Мгновенье я стоял как вкопанный, я был потрясен. Медсестра тем временем закрыла окно. Розенталь смотрел с кресла пустым взглядом, на его бледном одутловатом лице застыло выражение безысходной кротости, к которому я привык за те долгие годы, что он провел в больнице. Склонившись над ним, я попытался нащупать пульс, приложил ухо к его впалой груди с торчащими ребрами, но не услышал ровным счетом ничего, даже слабого биения.

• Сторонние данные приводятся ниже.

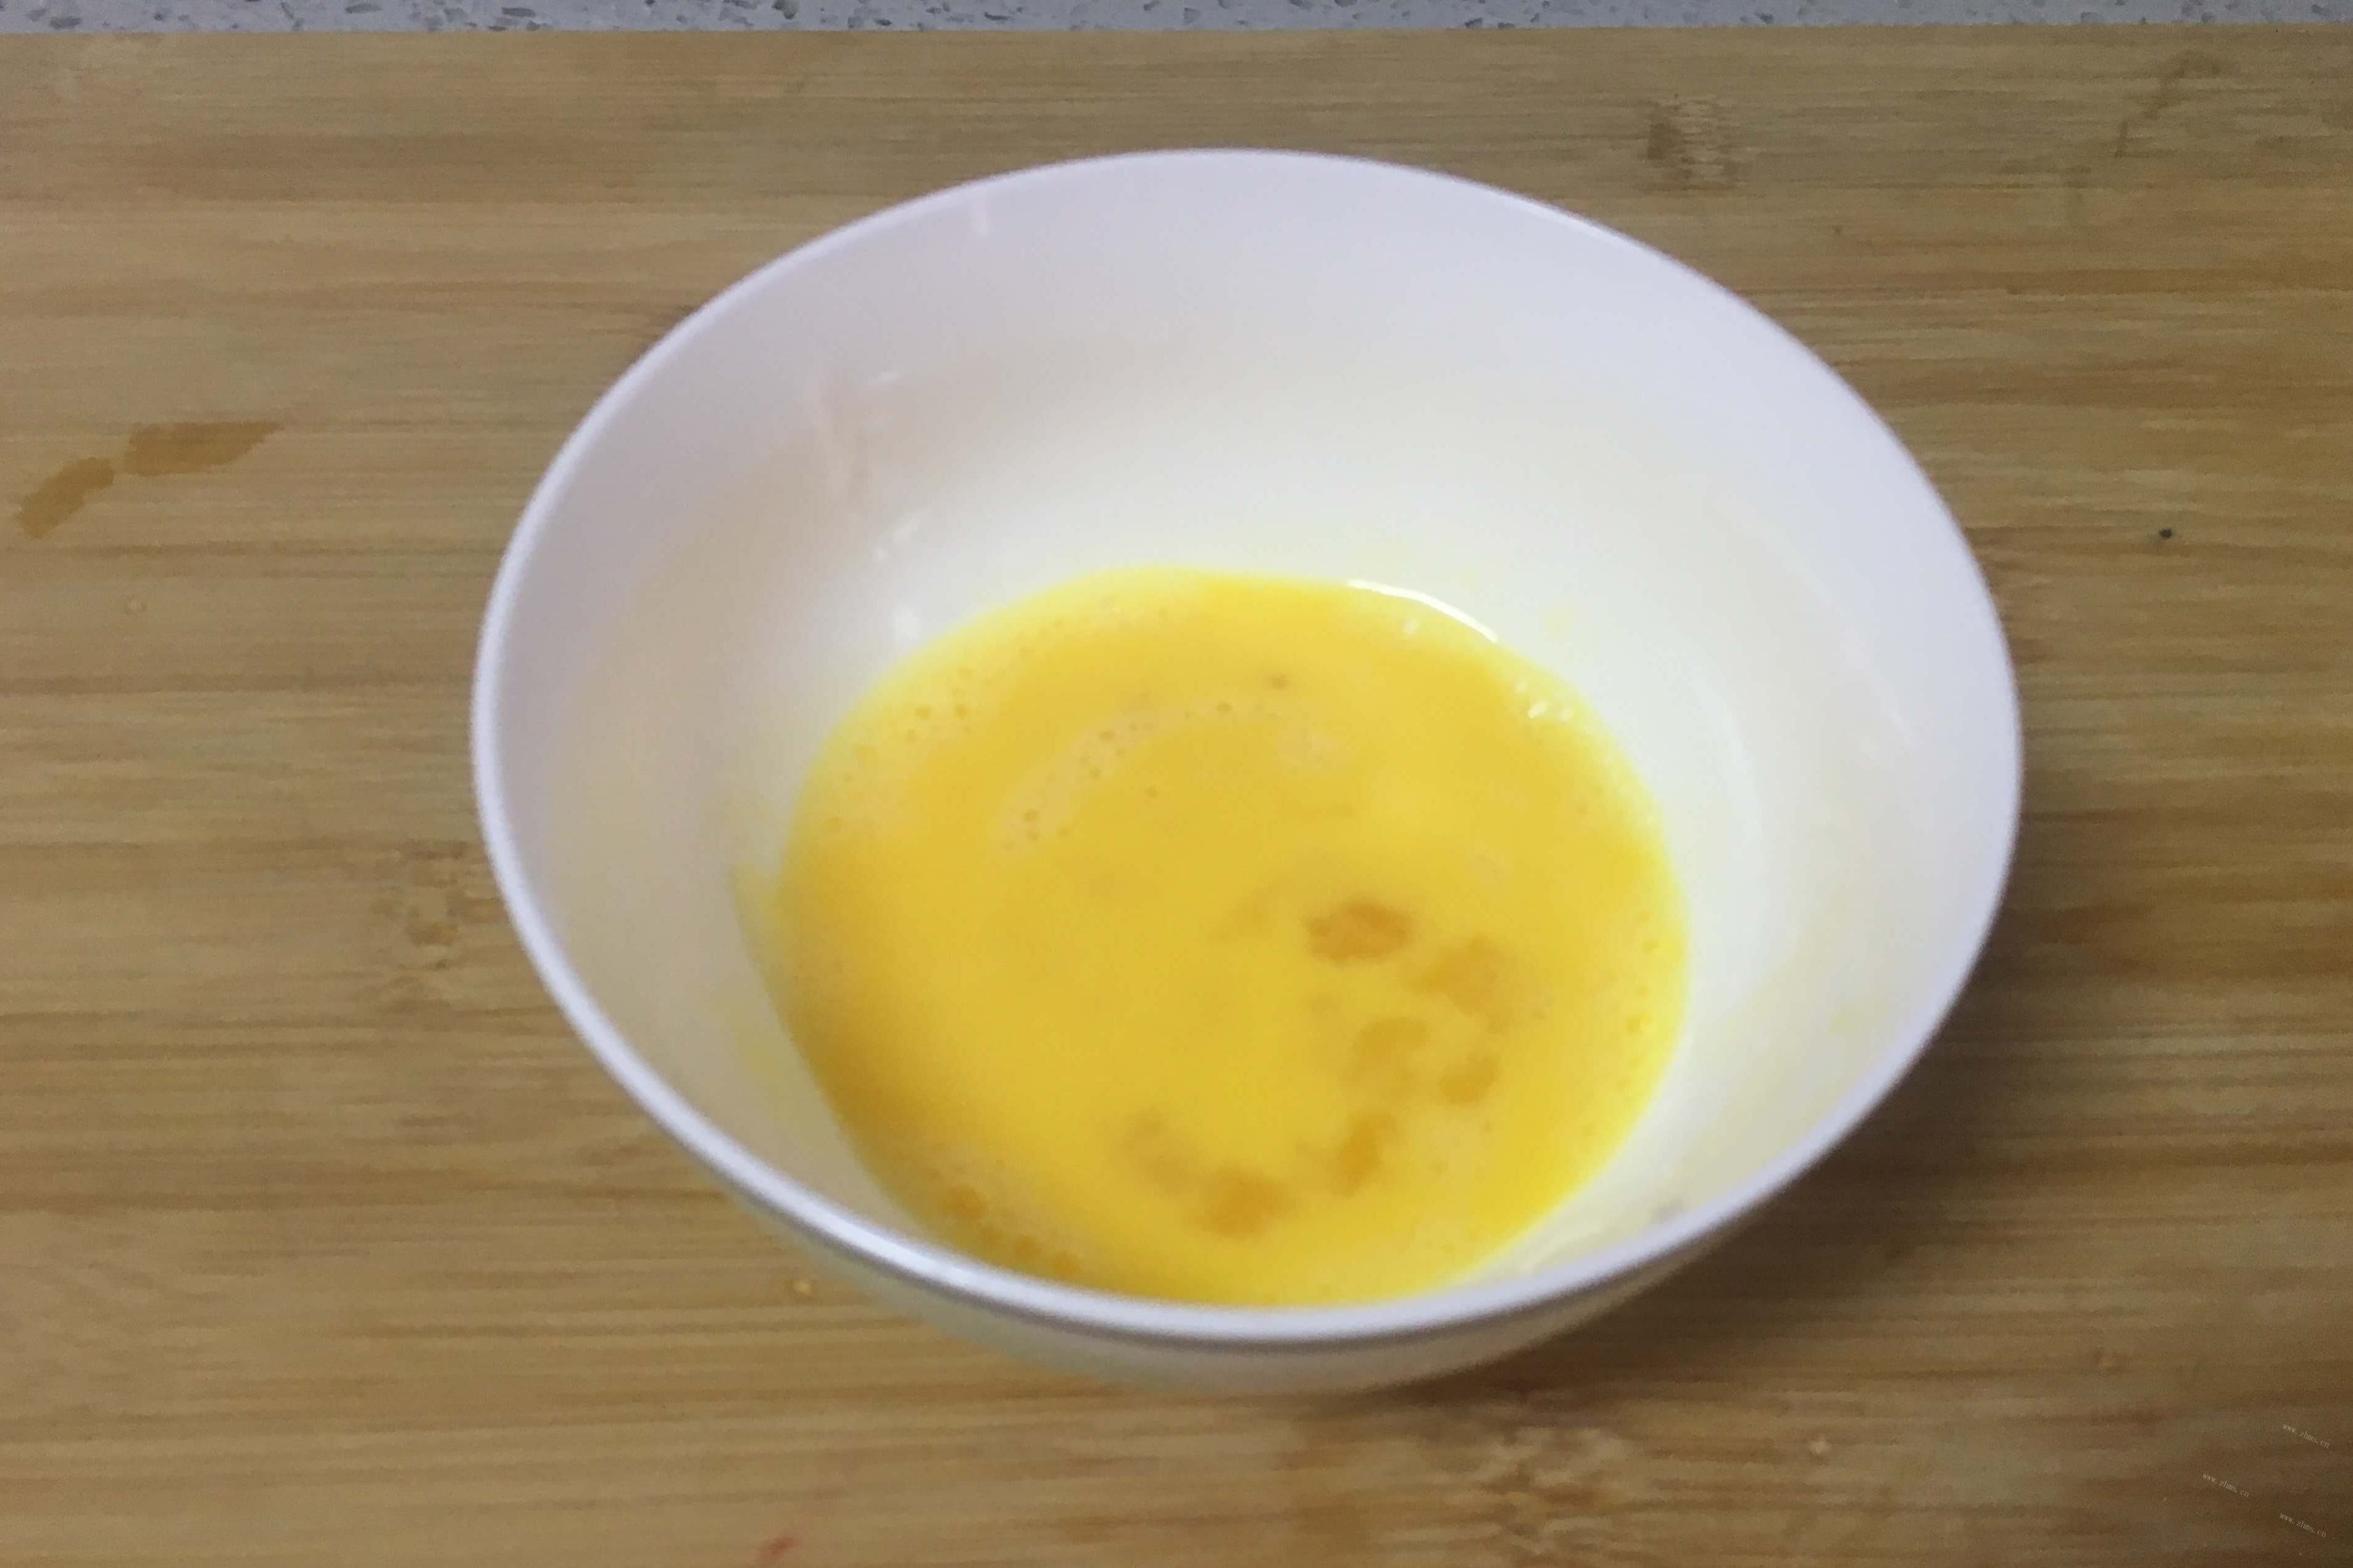 有了这个“秘密武器”的鸡蛋汤，美味程度让人难以抵抗第四步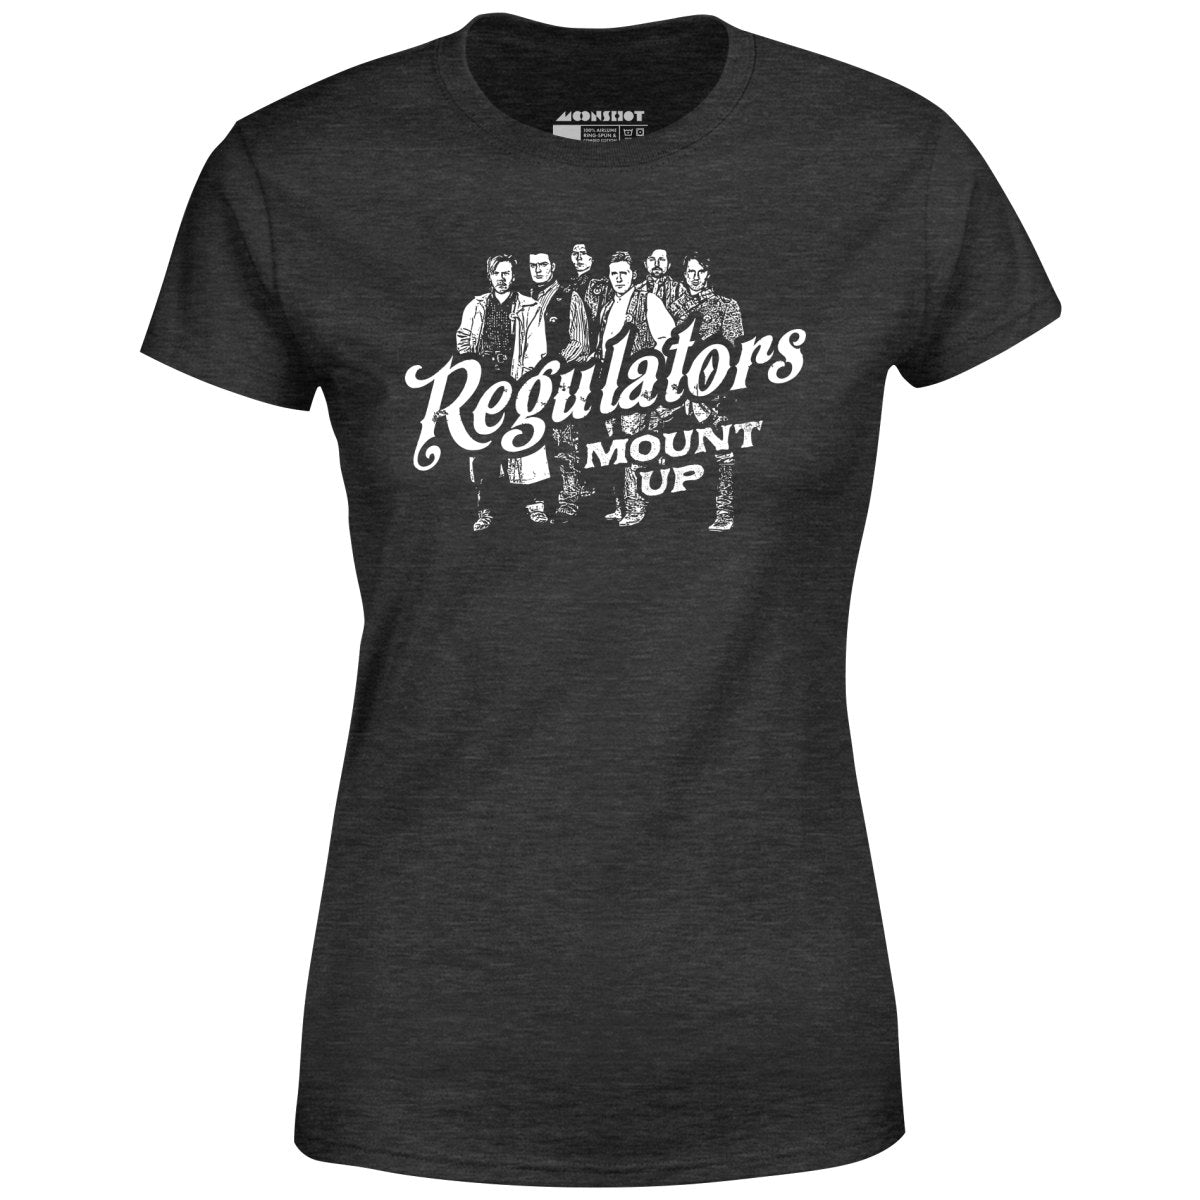 Regulators Mount Up - Women's T-Shirt

Я прикрыл его одеялом и попросил медсестру позвать на помощь — скорее чтобы соблюсти формальности, чем надеясь на спасение. Все было слишком ясно. Я представил себе старика Розенталя, увидел, как он накануне вечером, дождавшись, пока закончится последний обход и все стихнет, перетаскивает на середину комнаты кресло. Осторожно, стараясь не наделать шума, открывает окно, снимает пижаму и садится напротив темно-лилового проема, в котором уже начинают вальсировать первые снежинки, полный решимости не двигаться с места, пока холод не отнимет у него жизнь. Пожалуй, прецеденты такого самоубийства можно перечесть по пальцам; впрочем, прецедентов наверняка и не отыщется, да, кроме того, смерть эта была слишком уж страшная, и я чуть было не начал укорять себя в том, что не помог Розенталю уйти из жизни быстро и безболезненно. Если б вместо того, чтобы с дотошностью отмерять положенную дозу снотворного, я случайно оставил на тумбочке целый пузырек, он бы, по крайней мере, не так страдал и ему не пришлось бы ночь напролет, в одиночку, вести отчаянную борьбу, призывая к себе в союзники ангела смерти.